Too Much Breast for Victoria’s Secret?
We clearly still have a widespread cultural boob complex on our hands.
An employee at a Victoria’s Secret store in Austin, Texas, recently told a customer—who was about to purchase about $150 worth of merchandise when her 4-month-old started fussing—that she could not breastfeed her baby in one of the store’s dressing rooms… but was welcome to do so in a nearby alley. (She ended up feeding her baby in a neighboring restroom.)
These kinds of stories, as common as they unfortunately are, always surprise me. I just don’t understand how anyone finds nursing a baby offensive, let alone when it’s done discreetly in a dressing room. But at a dressing room in a Victoria’s Secret store (by all appearances a very boob-friendly establishment…)? In Austin (in my experience, a very pro-nursing town)?
As the story hit the press, speculations that the mom may have staged the incident circulated, a classic blame-the-victim response that could only be conjured by naysayers who’ve never experienced life as a breastfeeding mom to a 4-month-old baby. She was out, with her baby, shopping for lingerie: That’s a major accomplishment right there on a lot of levels. I’m pretty positive feeding her baby in a public restroom was not next on her to-do list that day.
Meanwhile, Victoria’s Secret’s spokespeople state that the company’s policy is in fact pro-breastfeeding, and that moms are welcome to nurse their babies anywhere in the stores that they like. While that one employee clearly missed the memo, the company has taken appropriate steps in the aftermath of this incident to make it right. They’ve issued an apology to the mom, and they’re making an effort to inform all store associates of their law-upholding policies—breastfeeding in public is protected by law in Texas. When I called the store in question to ask about what happened, I was told that Victoria’s Secret does not want to be perceived as being anti-breastfeeding (The person I spoke with also mentioned that she’s a mom). This is certainly a marked improvement over, say, the Hollister company’s non-response when a mom was kicked out of a store for nursing her baby, an incident that sparked a nationwide nurse-in.

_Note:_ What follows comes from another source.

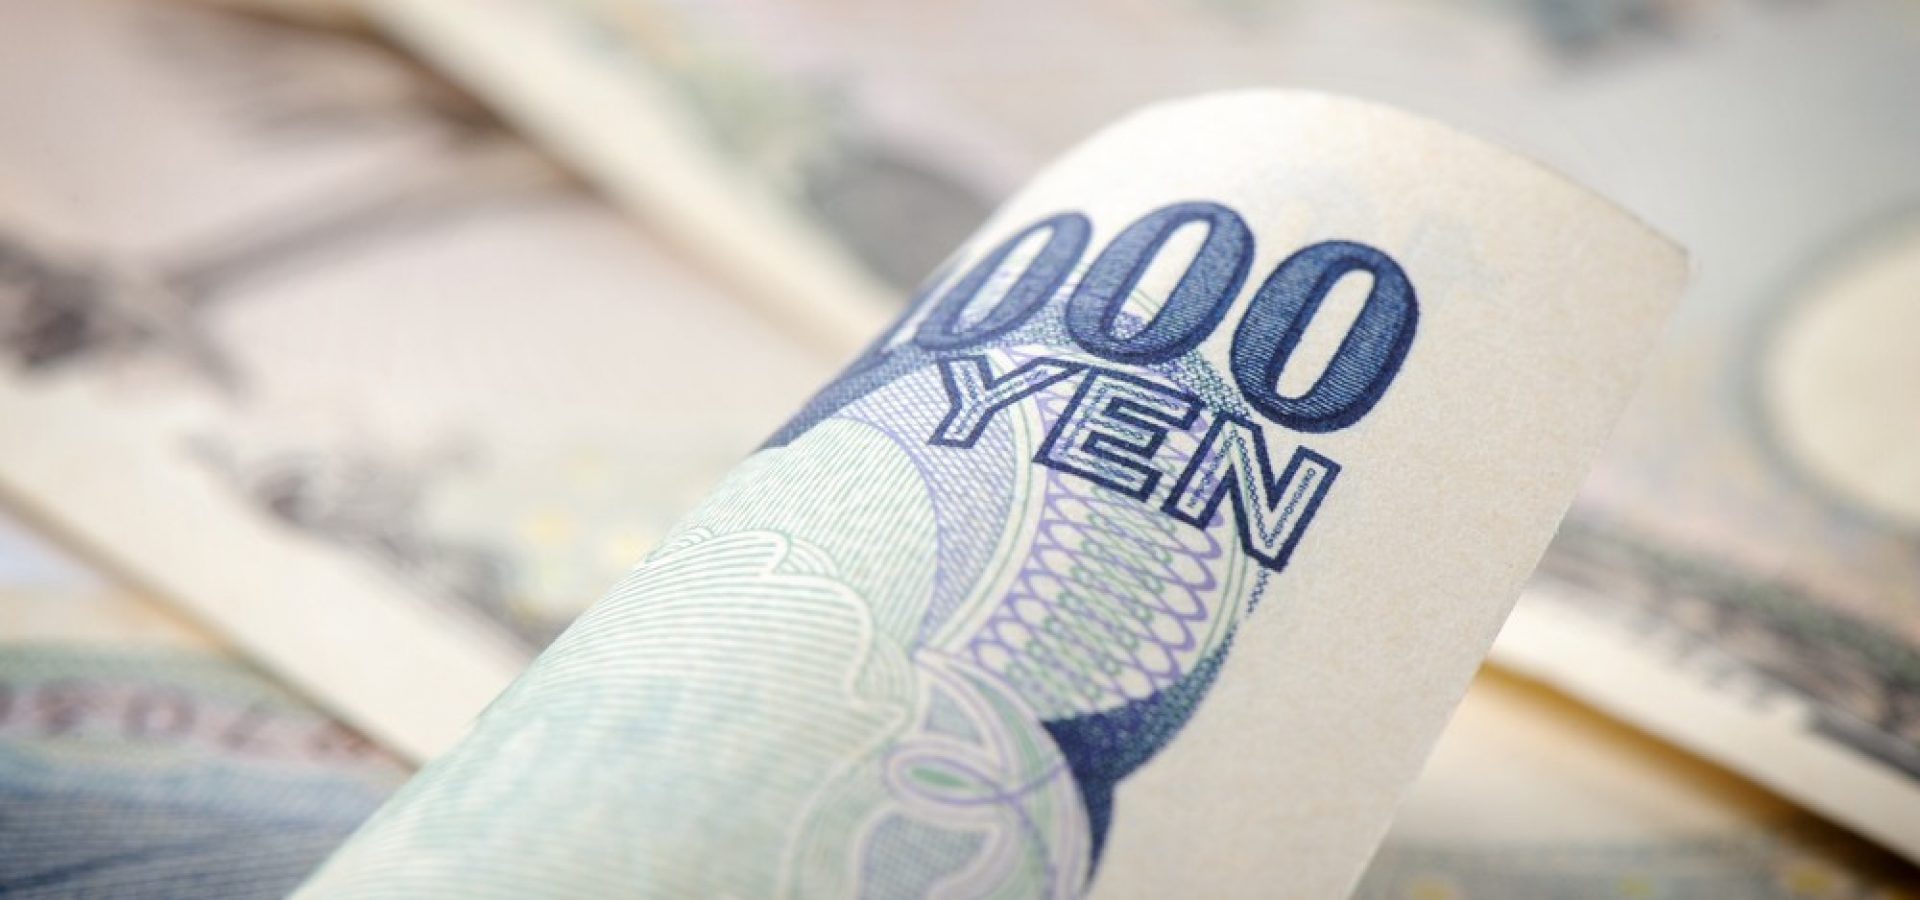 Wibest – Japan Yen: Japanese yen bills.
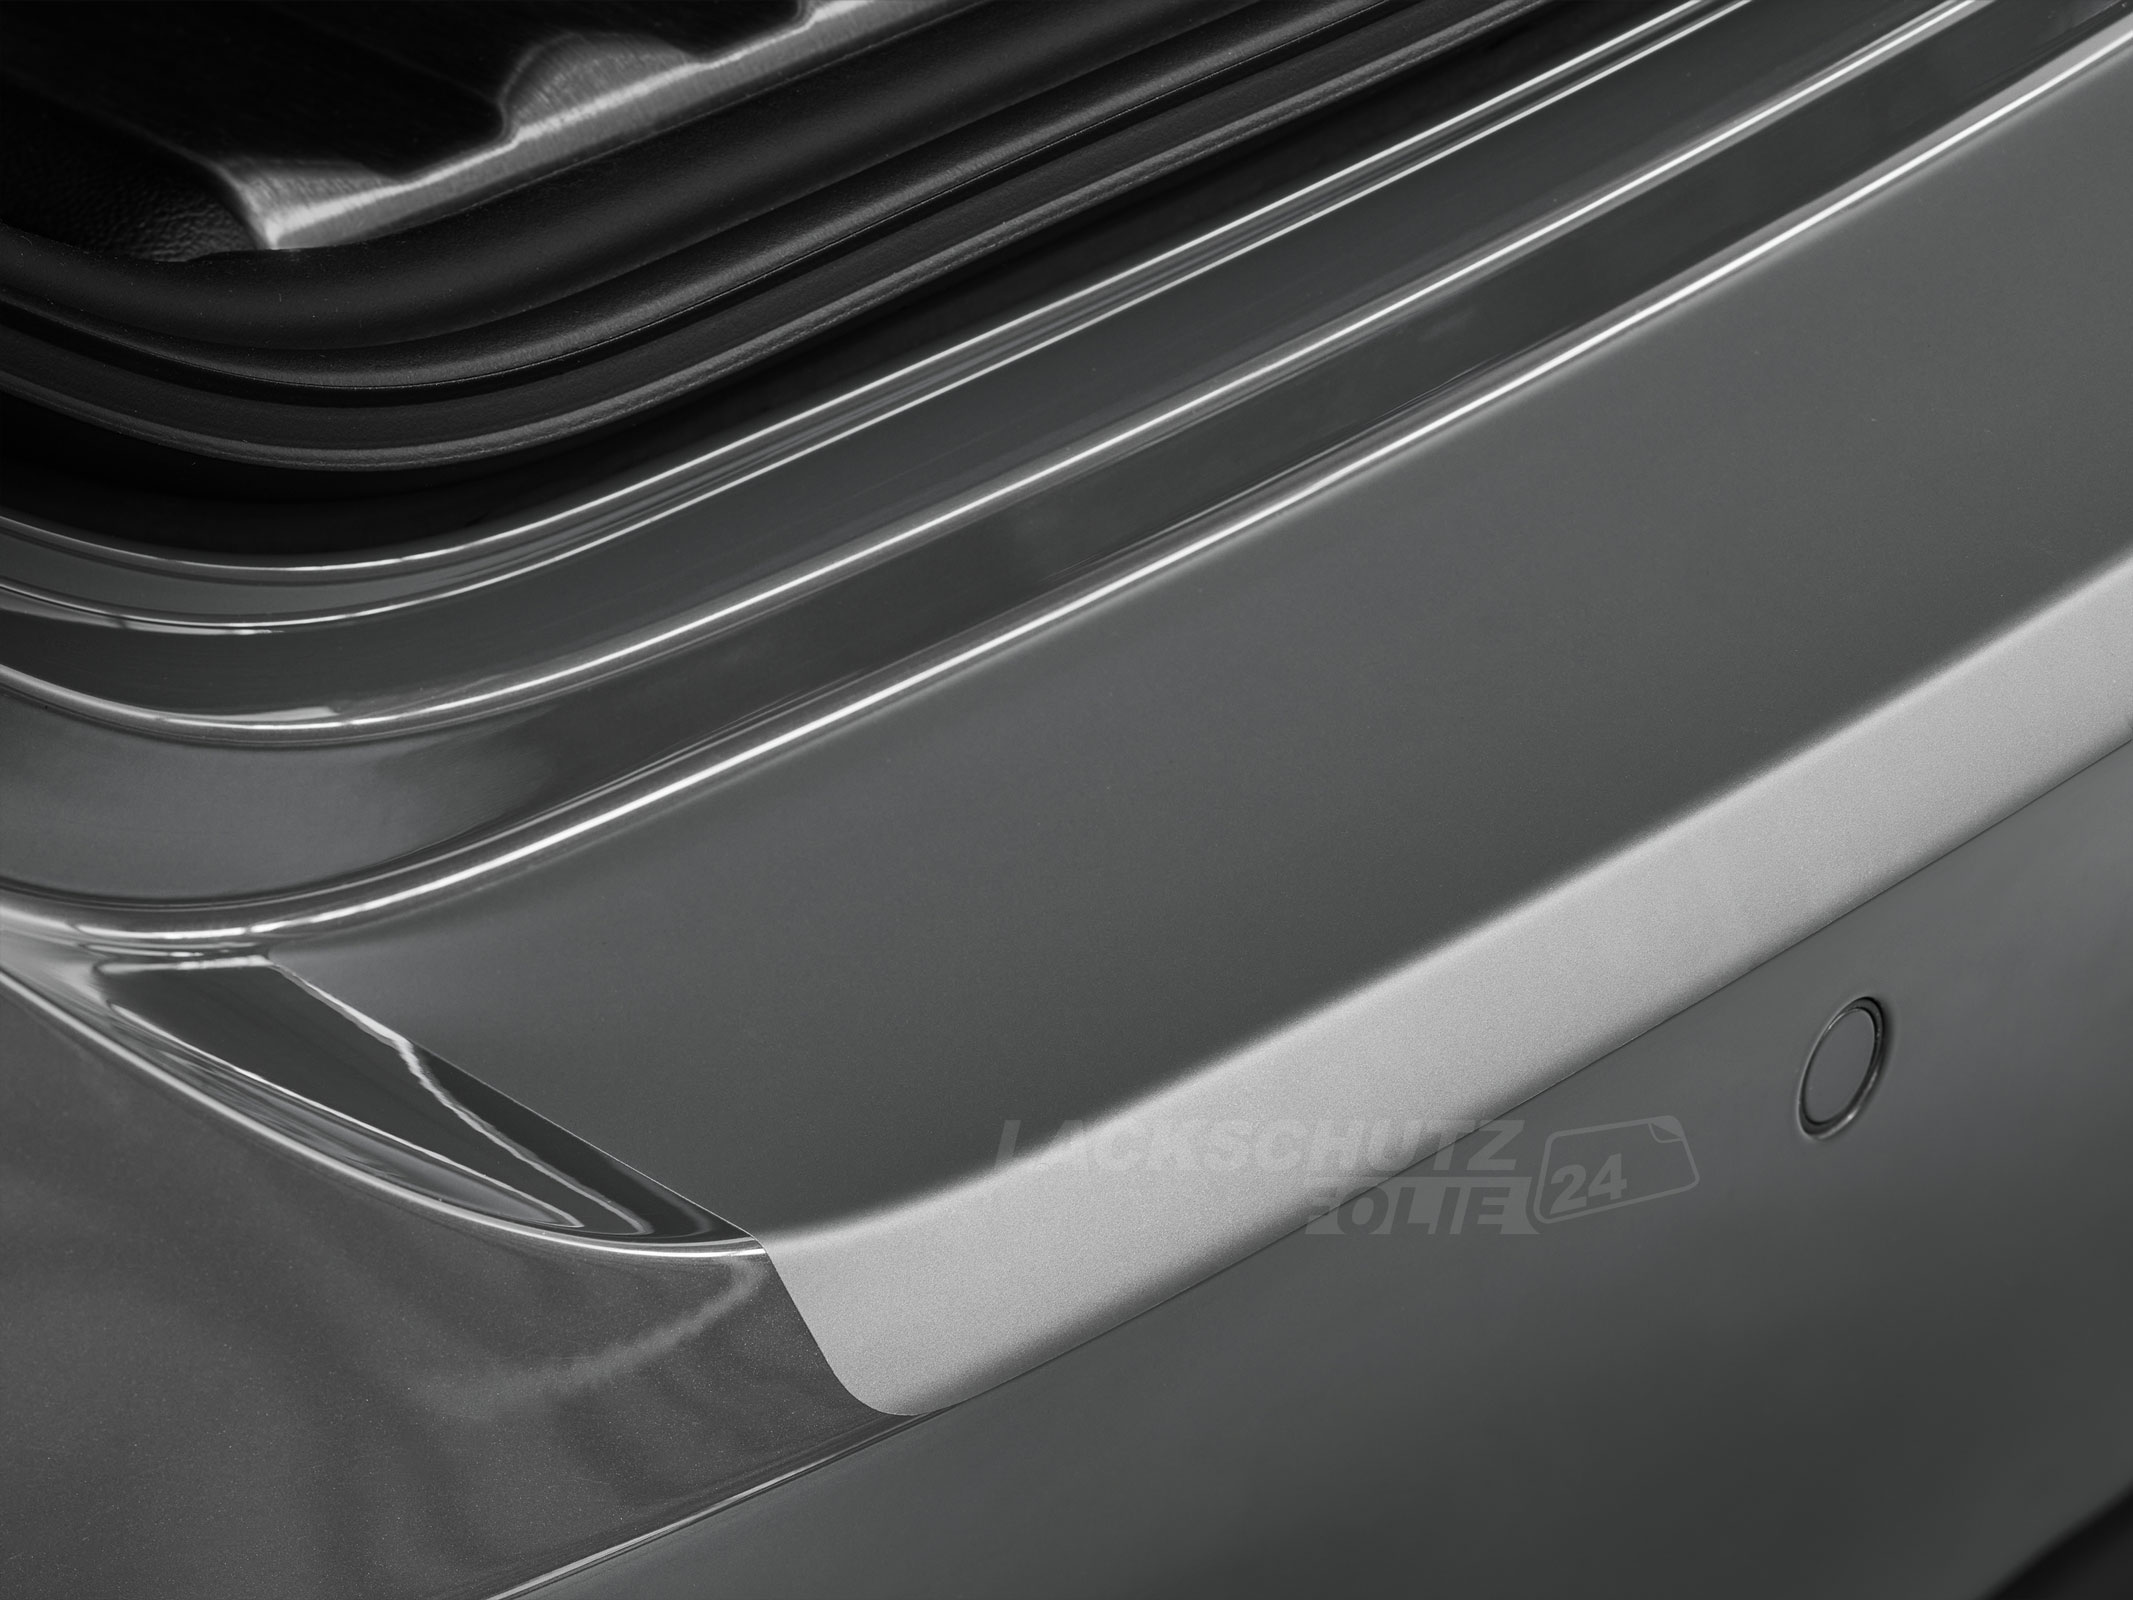 Ladekantenschutzfolie - Transparent Glatt MATT 110 µm stark  für Hyundai Matrix 2. Facelift, BJ 2008-2010

In any case, we still clearly have a widespread cultural breastfeeding complex on our hands. Krisdee Donmoyer, the blogger and activist behind Keep Austin Nursing in Public, says, “The best thing we can do with our outrage over this is to contact our legislators and (politely, even though we’re outraged!) tell them that our nursing in public laws need to be stronger. Most states need improvement of their laws, and really, a federal law is in order. As it stands, moms who are traveling may think they know their rights, but when they cross a state border they may lack the protection they’re accustomed to.”
Have you ever been told you couldn’t breastfeed in a public place?